Karen Sands, manager of M&Co (formerly Mackays) added: "Initially I was a little concerned about it being right outside our shop display - but that really won't be an issue as it is underground during the day. We regularly have people urinating in our doorway and even through our letterbox, so this will be a welcome feature in addressing the problem. Traders in Stroud have had to suffer for much too long. I look forward to not having to deal with the mess in the future."
The town of Colchester unveiled its first Urilift just a couple of months ago and has found that it is regularly used and has been well received by the public.
Councillor Cooper added: "I'm aware that people are already criticising the Urilift even before it has been opened, but they need to be aware that we are not encouraging people to urinate in public - we are in fact, discouraging them from urinating in people's doorways. I suggest that the critics wait, and we all see how this solution has an impact on anti-social behaviour. If it addresses the problem as well as we think it will, we may see another one, including a variant for females - the Urigienic."
Unlike many councils who are closing public conveniences, Stroud District Council is committed to improving its toilet facilities, winning British toilet awards over the last two years for its fully refurbished, state of the art toilets in Berkeley, Stonehouse and Painswick. The council is committed to refurbishing its other toilets to the same standard.

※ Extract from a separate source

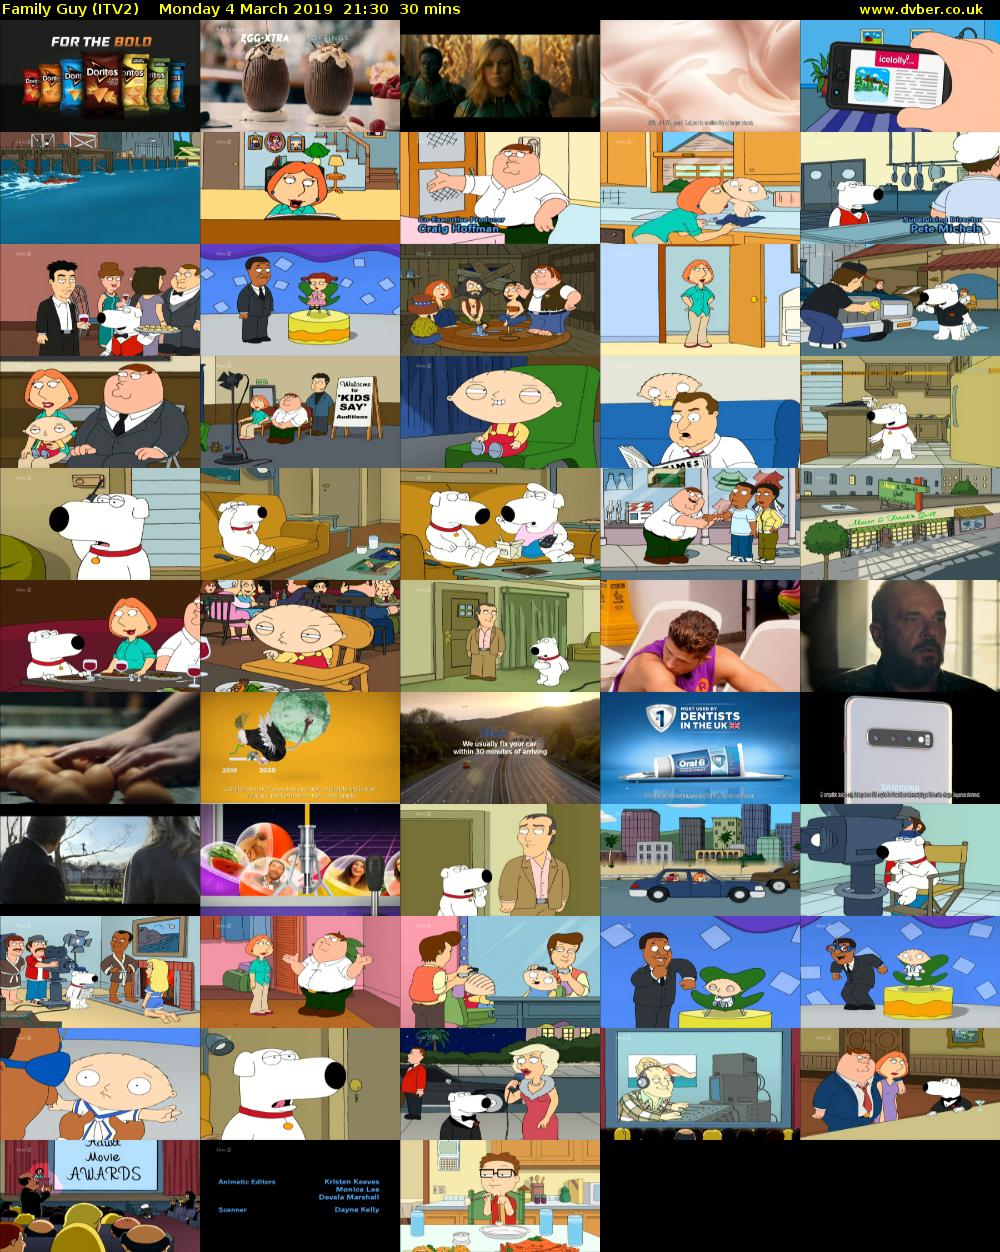 Family Guy (ITV2) Monday 4 March 2019 21:30 - 22:00

There are eleven Urilifts installed in the UK (Reading has two, Westminster has two, Colchester, Taunton, Newquay has three, Durham, and Belfast), however a Urigienic has yet to be installed.
Stroud will be the first town in Gloucestershire, and only the second market town to install a Urilift (the first being Colchester).

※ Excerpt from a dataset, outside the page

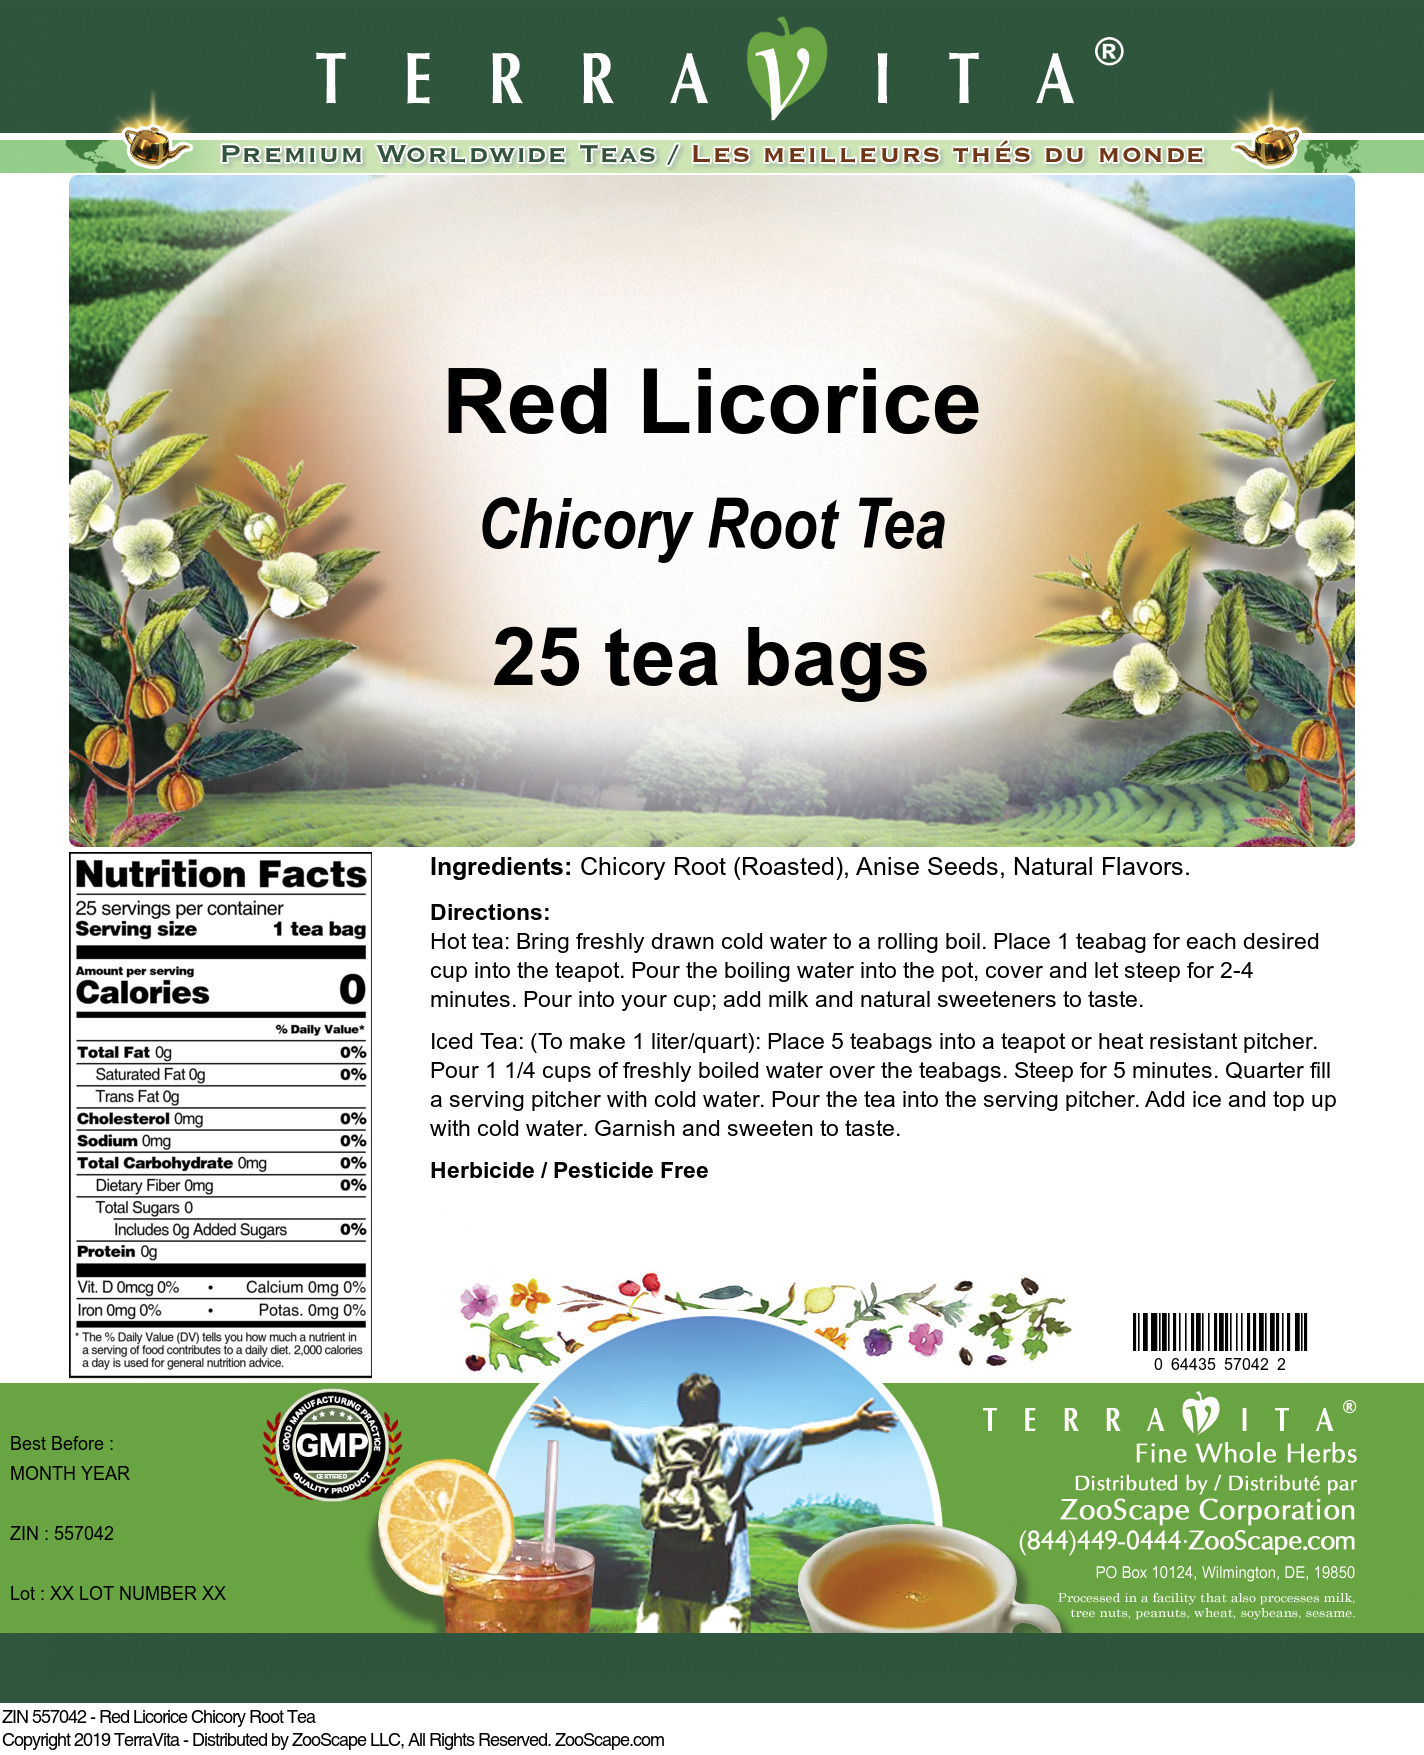 Red Licorice Chicory Root Tea - Label

The installation of the Urilift has followed a 2-year consultation process with Stroud District Council, HSBC, M&Co (formerly Mackays), Stroud Chamber of Trade, Stroud Town Council, Stroud Concordat, the Civic Society and Gloucestershire County Council.
Stroud town centre, like the majority of towns, does not currently have 24hr toilet facilities as problems with vandalism often mean that they become unusable. Repairs following vandalism also mean that the toilets need to be closed for repairs. Stroud District Council is currently working with partners to find an alternative location to the current facilities at Bedford Street with a view to providing a 24hr disability compliant public convenience.

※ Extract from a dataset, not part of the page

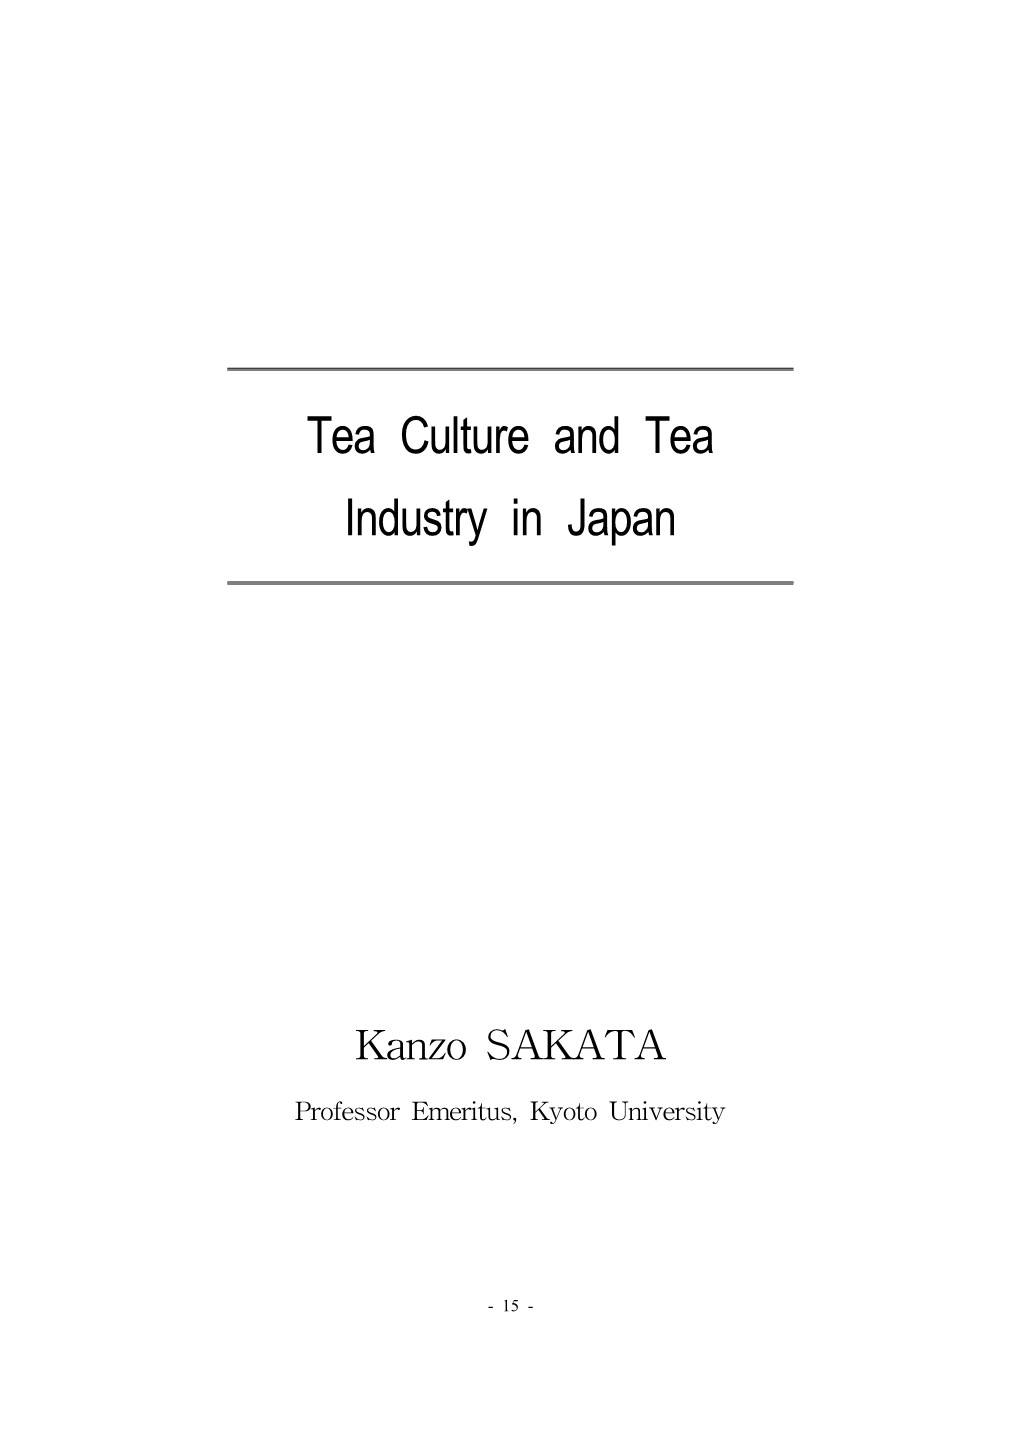 Tea Culture and Tea Industry in Japan

The Urilift and associated installation costs amount to £45,000 (broken down as £27,000 for the product and £18,000 for installation). As the structure is made of stainless steel and is very robust its lifetime should be 15-20 years - equating to a cost of only £2,000-3,000 per annum in addressing this serious problem. Maintenance costs are estimated at only £2,000 per annum.
An equivalent public convenience with just a single toilet would cost approximately £100,000 with annual maintenance costs of £10,000.